The history of human civilization is not a straight, continuously
forward-moving line. Its diagram is a zigzag, now advancing, now
retreating. Progress is measured by the distance separating man from his
primitive conditions of ignorance and barbarism.
At the present time mankind seems to be on the retreat. A wave of
reaction is sweeping the countries of Europe; its effects and influence
are felt all over the world. There is fascism in Italy, Hitlerism in
Germany, despotism in Russia, destructive dictatorship in other
countries.
Every progressive and radical party, every revolutionary movement has
suffered from the present reaction. In some countries they had been
entirely crushed; in others their activities are paralyzed for the time
being. It is the essence of all tyrannies and dictatorship, of whatever
name or color, to suppress and eradicate everything that stands in the
wake of its exclusive domination and triumph. Thus in Russia, for
instance, the active anarchist elements (as also the Mensheviki and the
Socialist-Revolutionaries) have either been shot or are being kept in
prison and exile for indefinite periods.
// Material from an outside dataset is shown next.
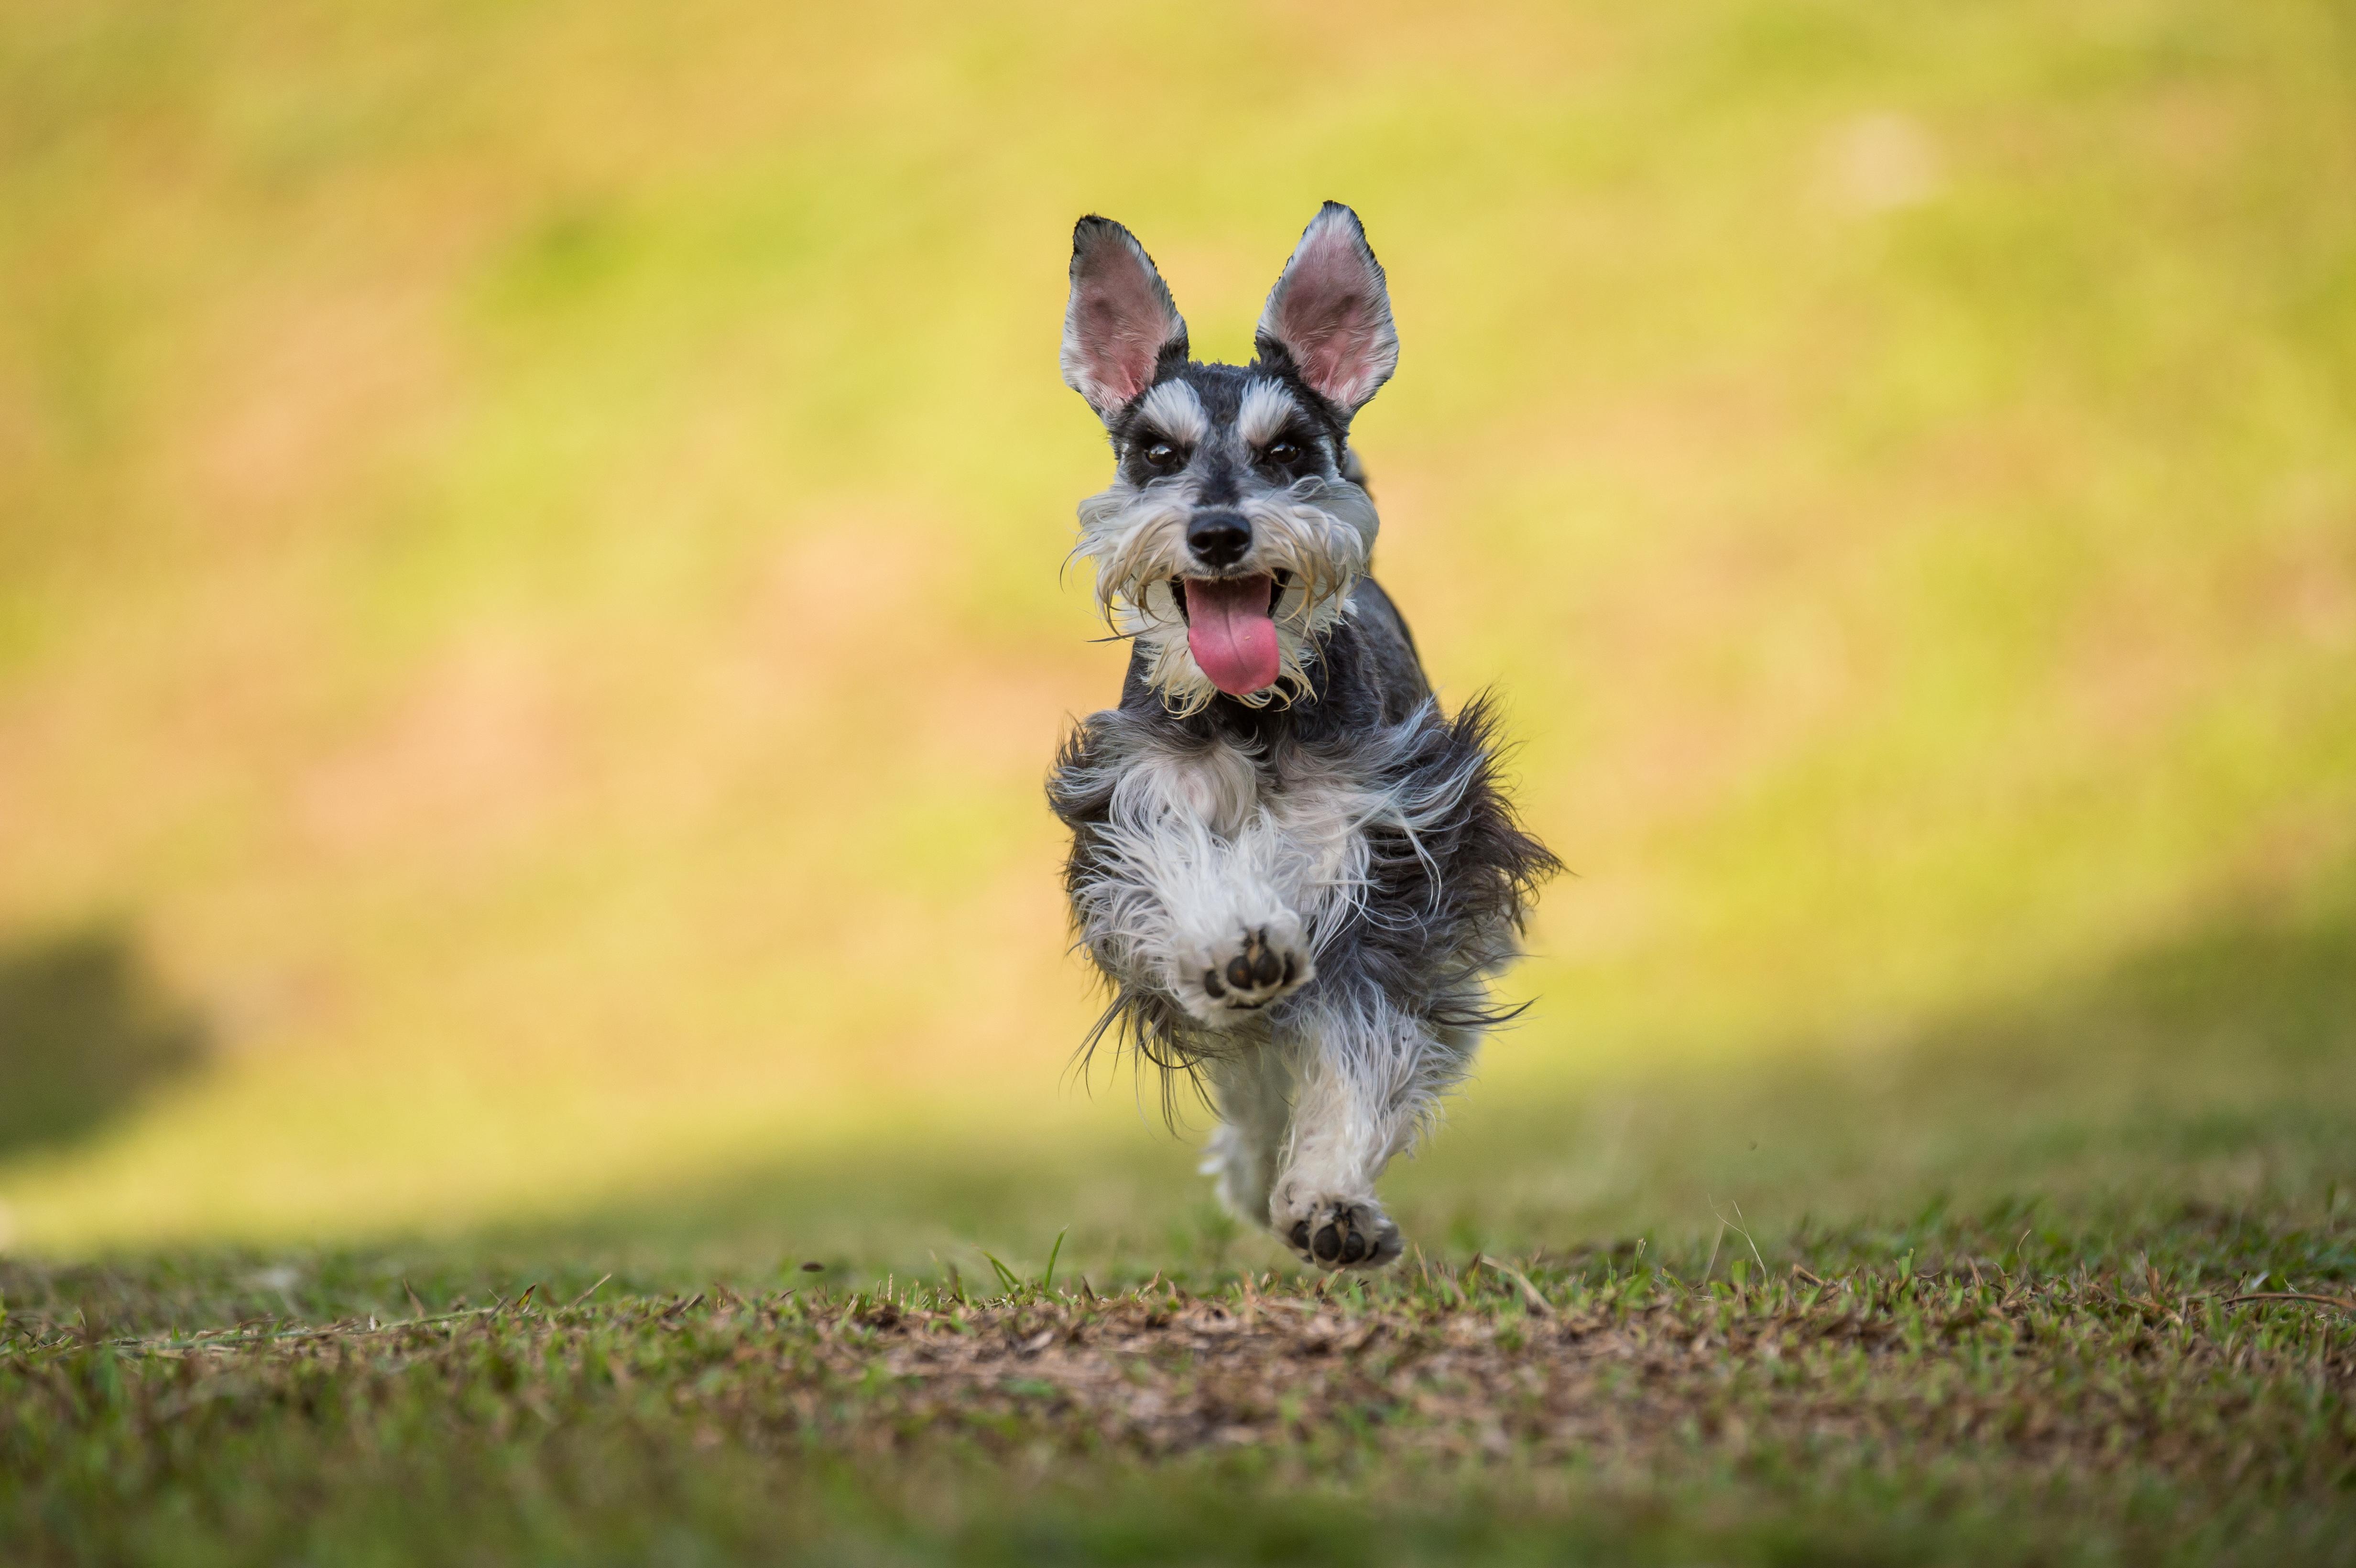 Un perro saltando - 4928x3280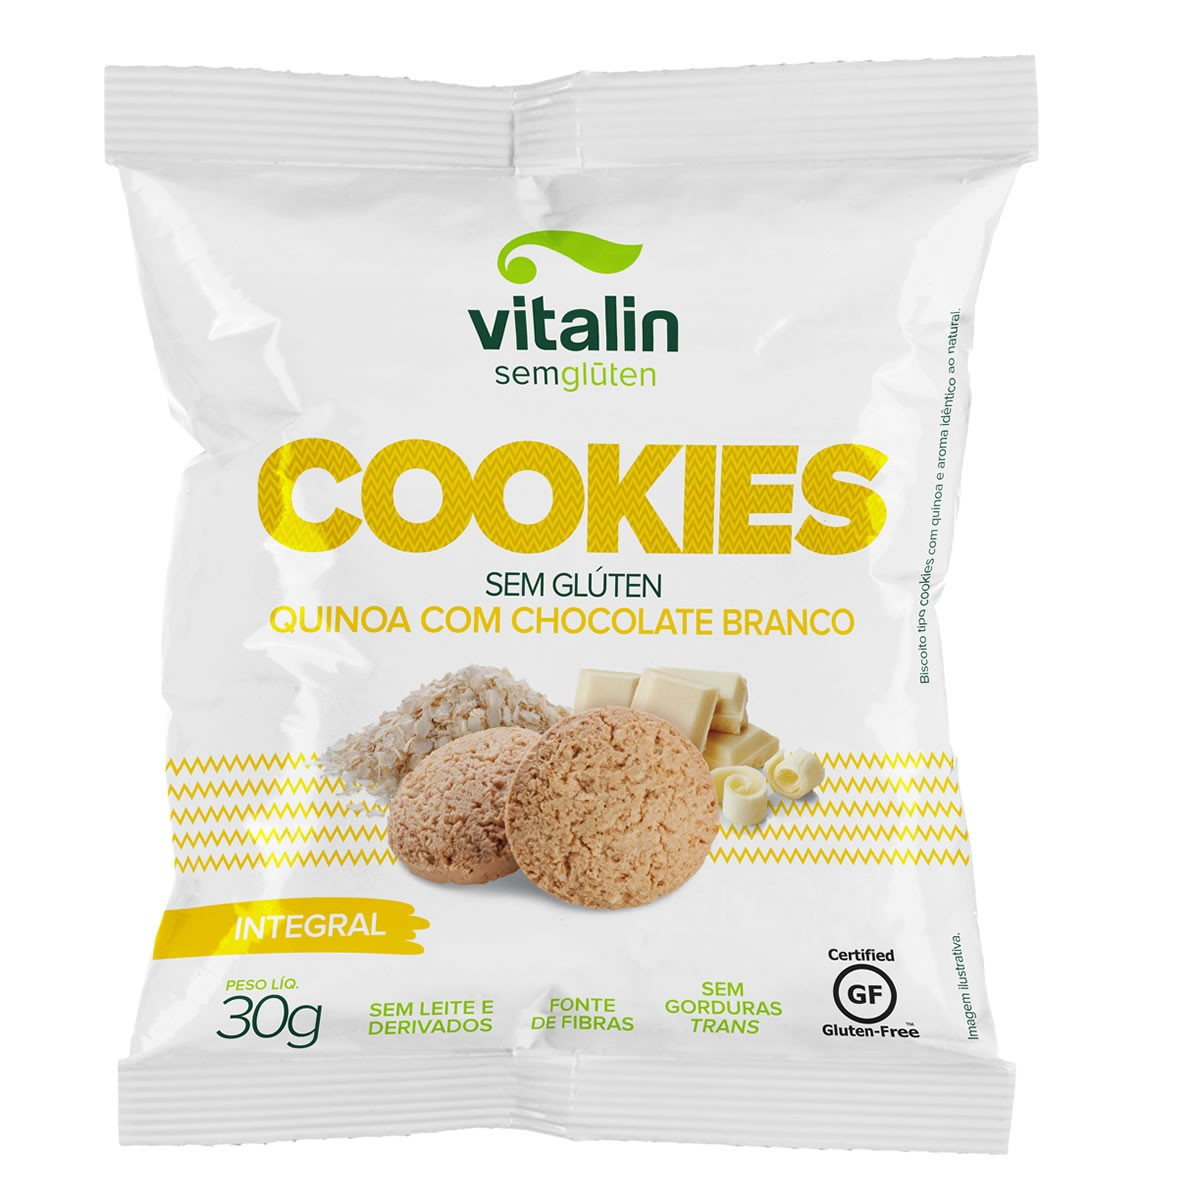 Cookie Sabor Quinoa com Chocolate Branco 30g - Vitalin

A similar fate has overtaken
them in Italy and Germany.
But though anarchism has suffered from the reaction, as have all other
liberal and revolutionary movements, it is fundamentally and essentially
lost much less than the socialist parties. The reason for it is to be
found in certain causes underlying the worldwide reaction. It is
generally believe that the war, with its brutalization of man and
destruction of higher values, the financial bankruptcy which followed,
and the great crisis have brought about the present situation. But these
immediate causes are entirely insufficient to explain the incredibly
rapid development and success of fascism in Italy and Germany and its
spread throughout the civilized world. Other and more potent factors
have been at work, resulting in the great reaction.
Those factors are of a psychologic rather than a political or economic
character. Broadly speaking, there were two of them. One was the Russian
Revolution; the other, Marxism.
The Russian Revolution flamed across the world as a beacon of promise
and hope to the oppressed and disinherited. It filled the hearts of the
masses in every country with inspiration and enthusiasm. The workers of
Germany even tried to follow the example of the Russian brothers. But
that beacon was soon extinguished. The Bolsheviki, Marxists par
excellence by Lenin’s interpretation, curbed the popular aspirations of
the people and perverted the revolutionary aims and purposes into one of
the bloodiest dictatorships the world had ever seen. The despotism of a
political party, of a clique, took the place of Czarist autocracy. The
result brought bitter disillusionment to millions of workers in every
land, a disillusionment that has proven a powerful aid to the
reactionary forces in every land.
Yet that disillusionment would not have necessarily become such an
effective lever in the hands of reaction but for another important
factor. It was the spirit of authority, of Statism, the worship of
government, with which the masses have for years been imbued by Marxism
and by the Socialist political parties everywhere. It served to weaken
their self-reliance, robbed them of independence in thought and action,
and deepened their revolutionary faith and ardor. The Social Democracy
of Germany, in particular, has done the greatest harm in this regard.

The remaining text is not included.